Targeting AhR: A Promising New Approach to Cancer Immunotherapy

How an oral inhibitor may have the potential to reactivate the immune system and tackle tumor growth.

It infiltrates, learns, adapts and grows. Cancer is a clever disease that has pushed the limits of medicine – and the human body – for centuries. Current estimates show that there will be 27.5 million new cases of cancer each year by 2040.1

 

Typically, when an infection strikes the body, our immune system deploys T cells to target and destroy invading pathogens. T cells are also deployed to destroy abnormal, malfunctioning cells such as cancer cells. But cancer stays one step ahead, using mechanisms to hide and sending mixed signals to avoid an attack. Less than a decade ago, first-generation immunotherapies, called immune checkpoint inhibitors (ICIs), delivered a major breakthrough in cancer therapy. Targeting a pathway that cancer uses to suppress the immune system, ICIs can reactivate the body’s defense with significantly improved outcomes for a subset of patients with a broad variety of cancers, even in the metastatic setting.

 

For most, however, the effects are not realized: roughly 70% of patients with various tumors do not respond to ICI treatment.
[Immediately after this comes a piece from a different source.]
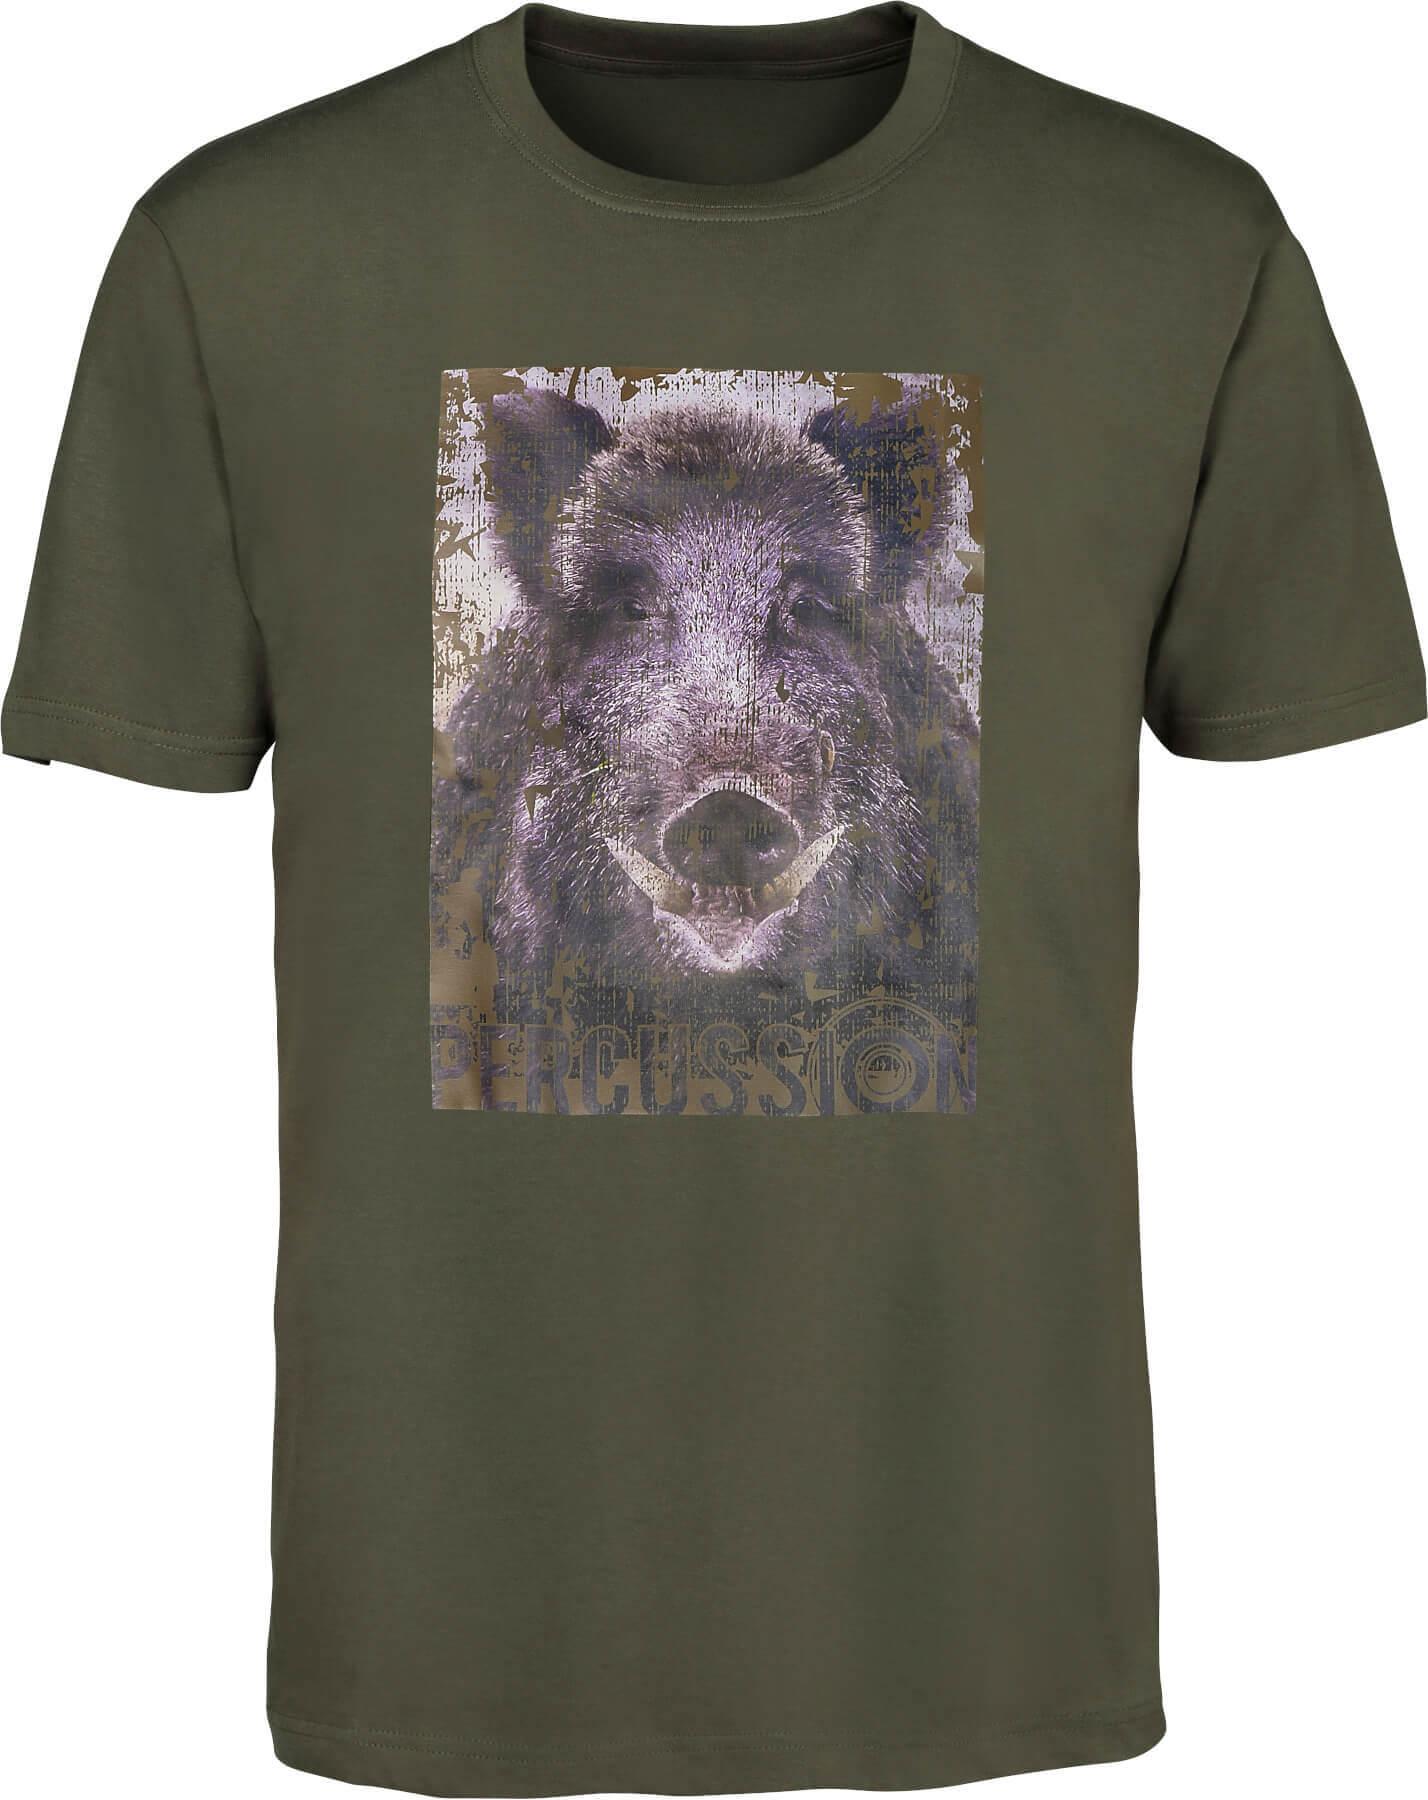 "T-Shirt ""Wildboar Kids"""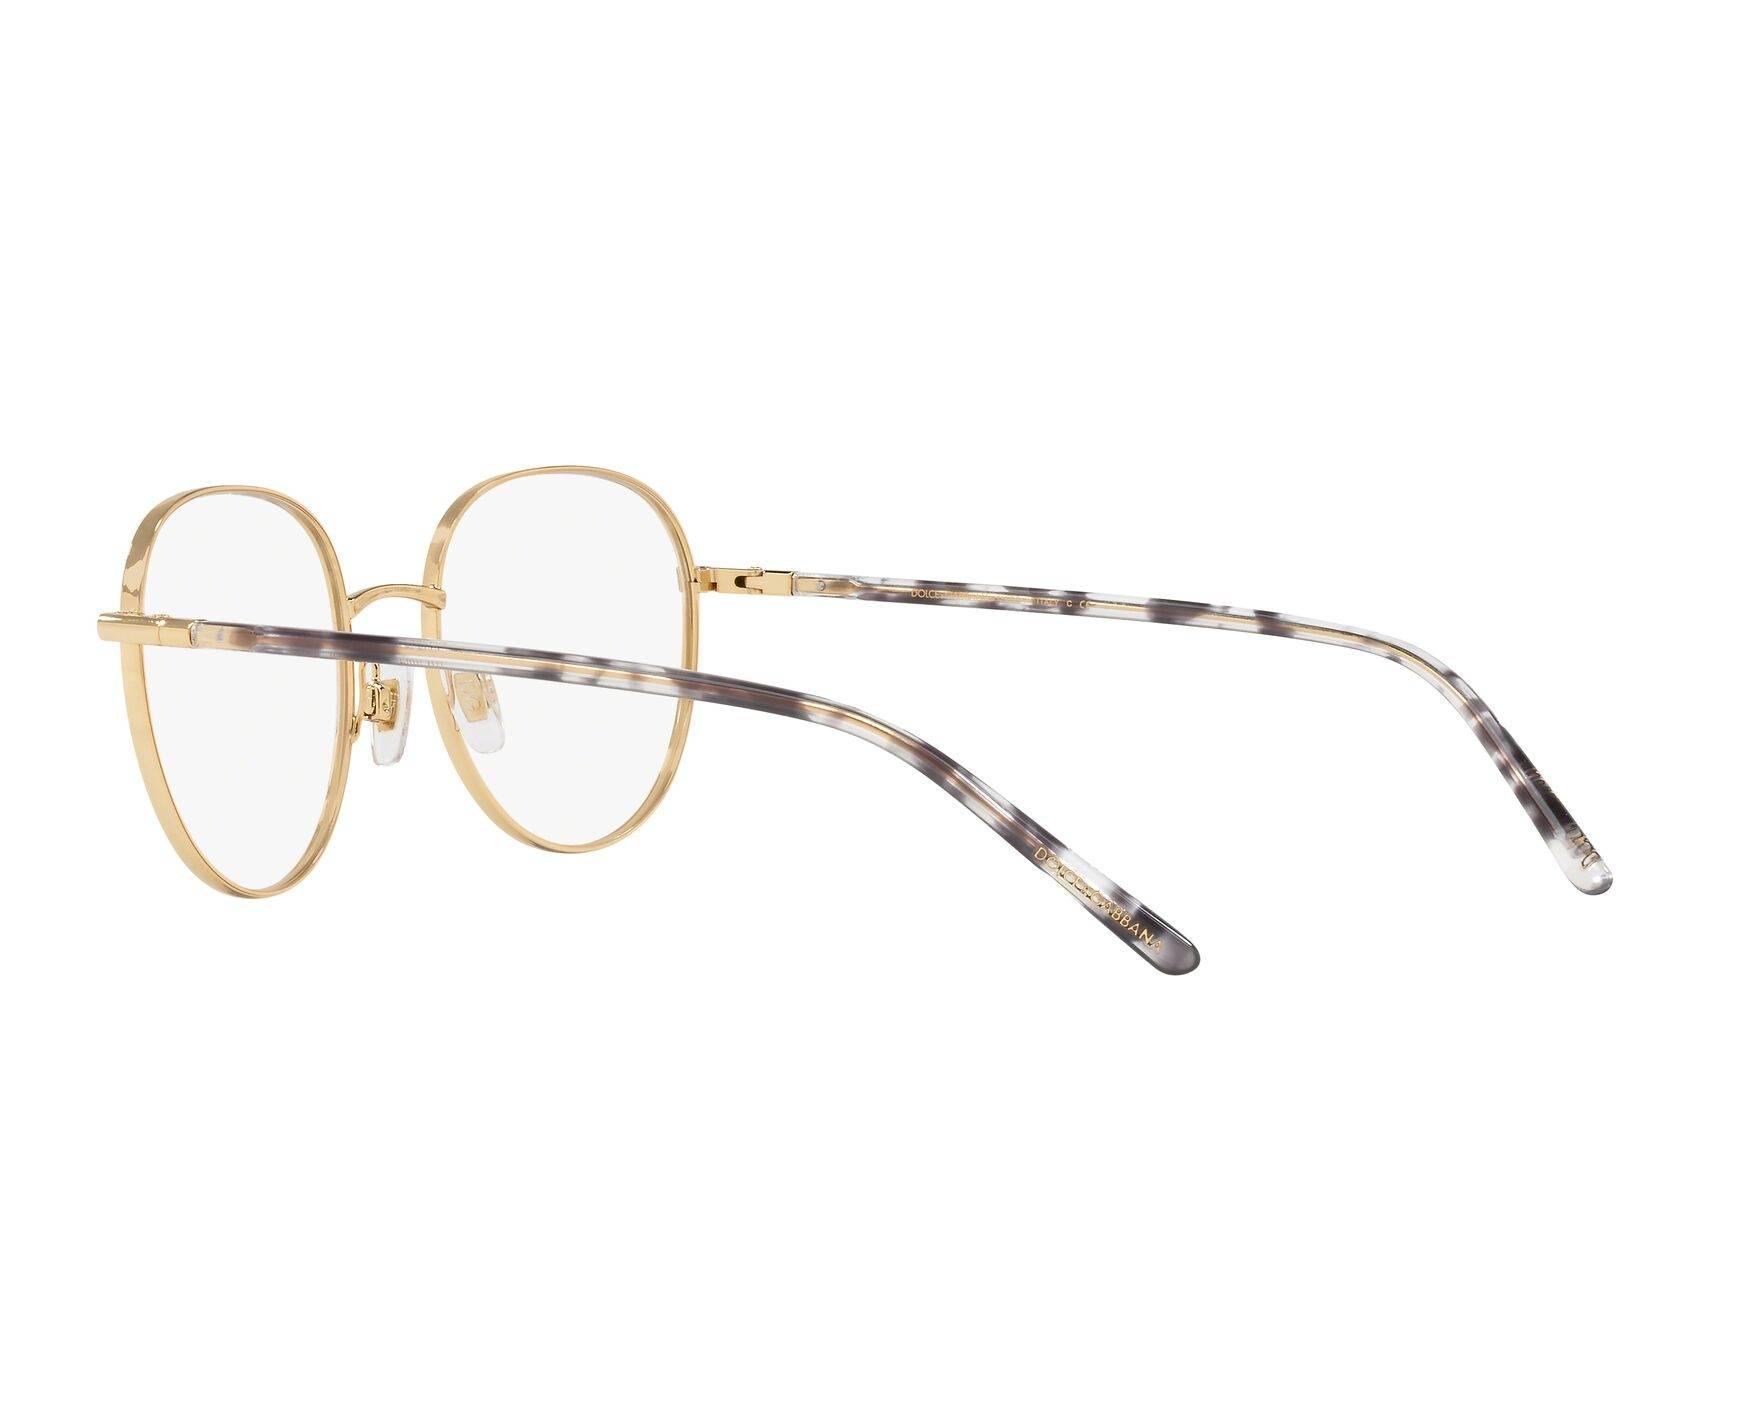 Dolce & Gabbana Glasses DG-1304 02

Cancer seems to have found yet more ways to out-smart the immune system. But now, Bayer is targeting what appears to be a key player in orchestrating immune escape: the aryl hydrocarbon receptor (AhR).

 

Expert insights: Immunity through innovation

Dr. Ilona Gutcher, Group Leader Immuno-Oncology Research at Bayer, is the leading research pharmacology expert on the AhR. She reveals, “More and more research suggests that the AhR, once activated, triggers events that suppress immune responses and promote tumor progression. The AhR appears to be a central mediator in the whole process, so inhibiting it may reactivate immune responses and provide a new therapeutic strategy for patients with cancer."

 

As part of a strategic research collaboration between Bayer and Michael Platten’s group at the German Cancer Research Center (DKFZ), scientists have developed a selective AhR inhibitor that is now being tested in a clinical trial in patients with advanced solid cancers.

 

The AhR inhibitor is intending a powerful double-act on the immune system. Firstly, to reinvigorate the immune response by stimulating the activity and function of cytotoxic T cells and dendritic cells, the latter resulting in activation of even more T cells. Secondly, to decrease immune suppressive processes by blocking the function of regulatory T cells and suppressive myeloid cells.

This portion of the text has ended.